§ **PROBLEM DESCRIPTION**
Once the line with "Seamless vektor för" is found in the data, output it and each following line exactly, up to and including the line with "qiaodan Herren Energie", and nothing before or after.

§ **INFORMATION GIVEN**

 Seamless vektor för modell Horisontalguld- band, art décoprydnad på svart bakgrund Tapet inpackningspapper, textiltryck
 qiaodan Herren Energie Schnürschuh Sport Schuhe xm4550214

---

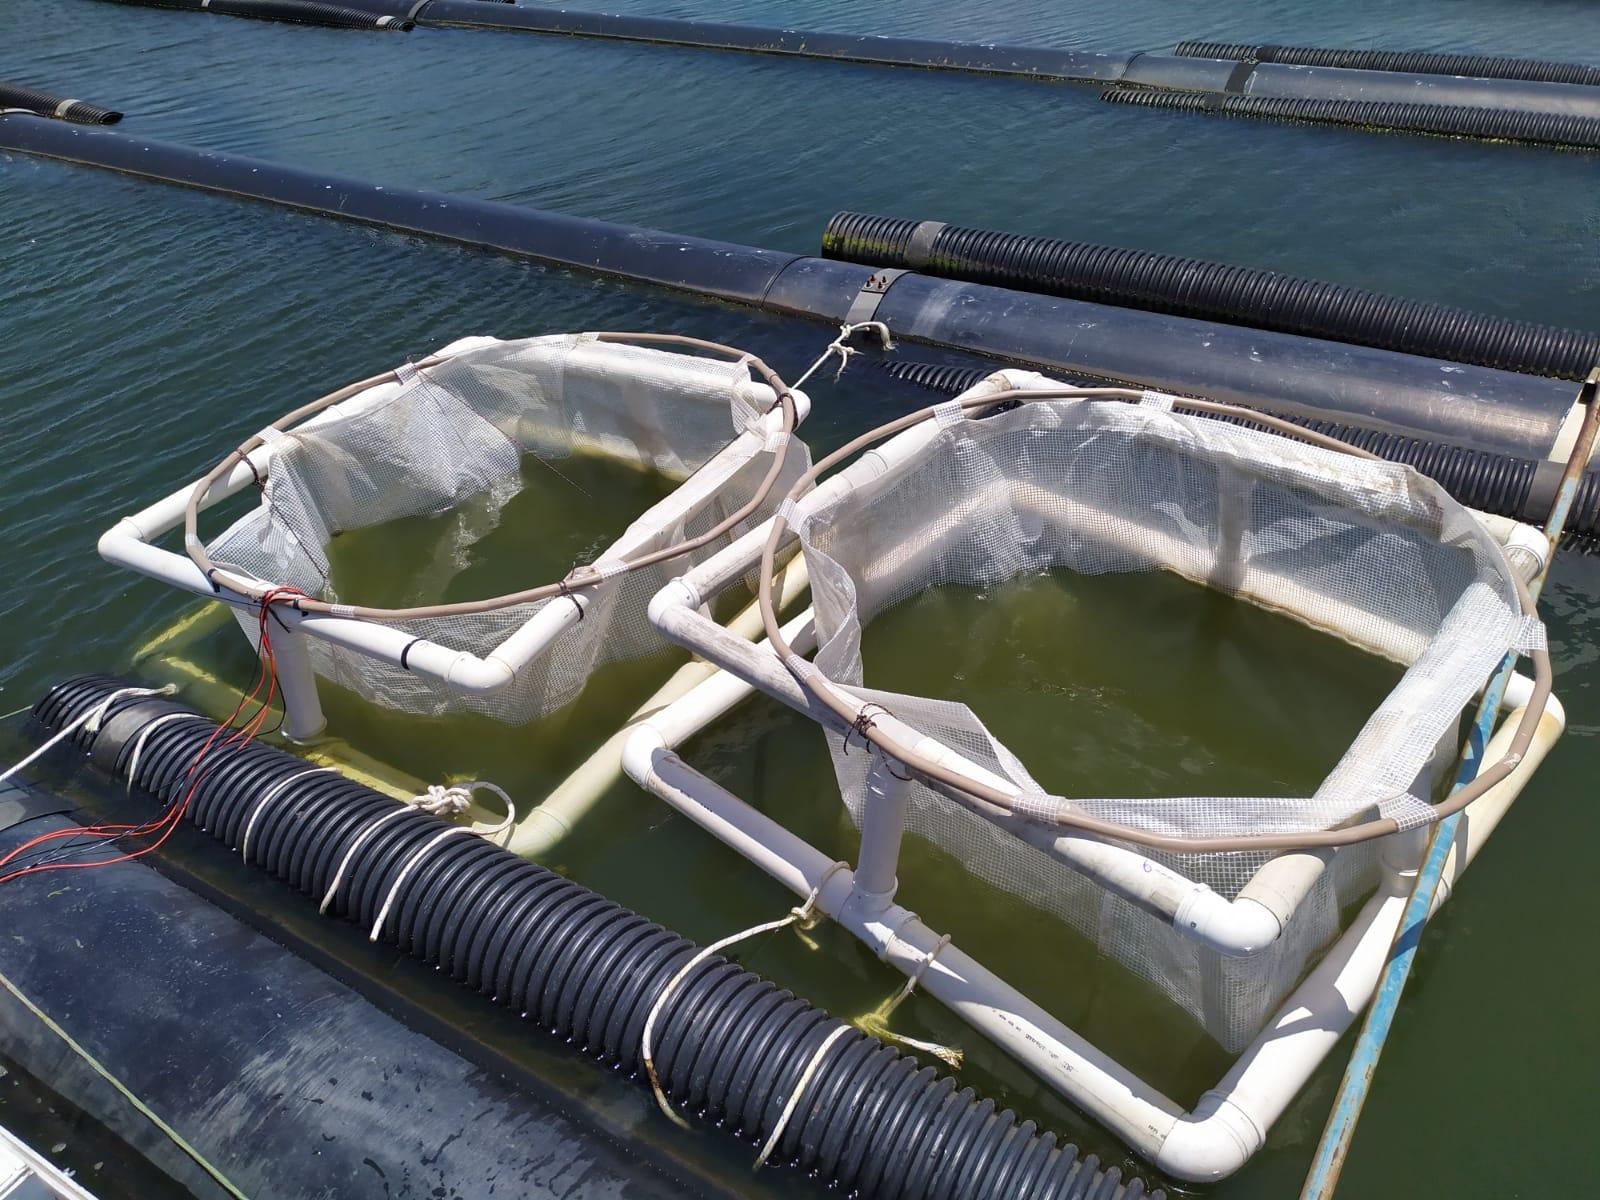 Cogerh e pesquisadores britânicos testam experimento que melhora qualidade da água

§ **RESPONSE AREA**
 Seamless vektor för modell Horisontalguld- band, art décoprydnad på svart bakgrund Tapet inpackningspapper, textiltryck
 qiaodan Herren Energie Schnürschuh Sport Schuhe xm4550214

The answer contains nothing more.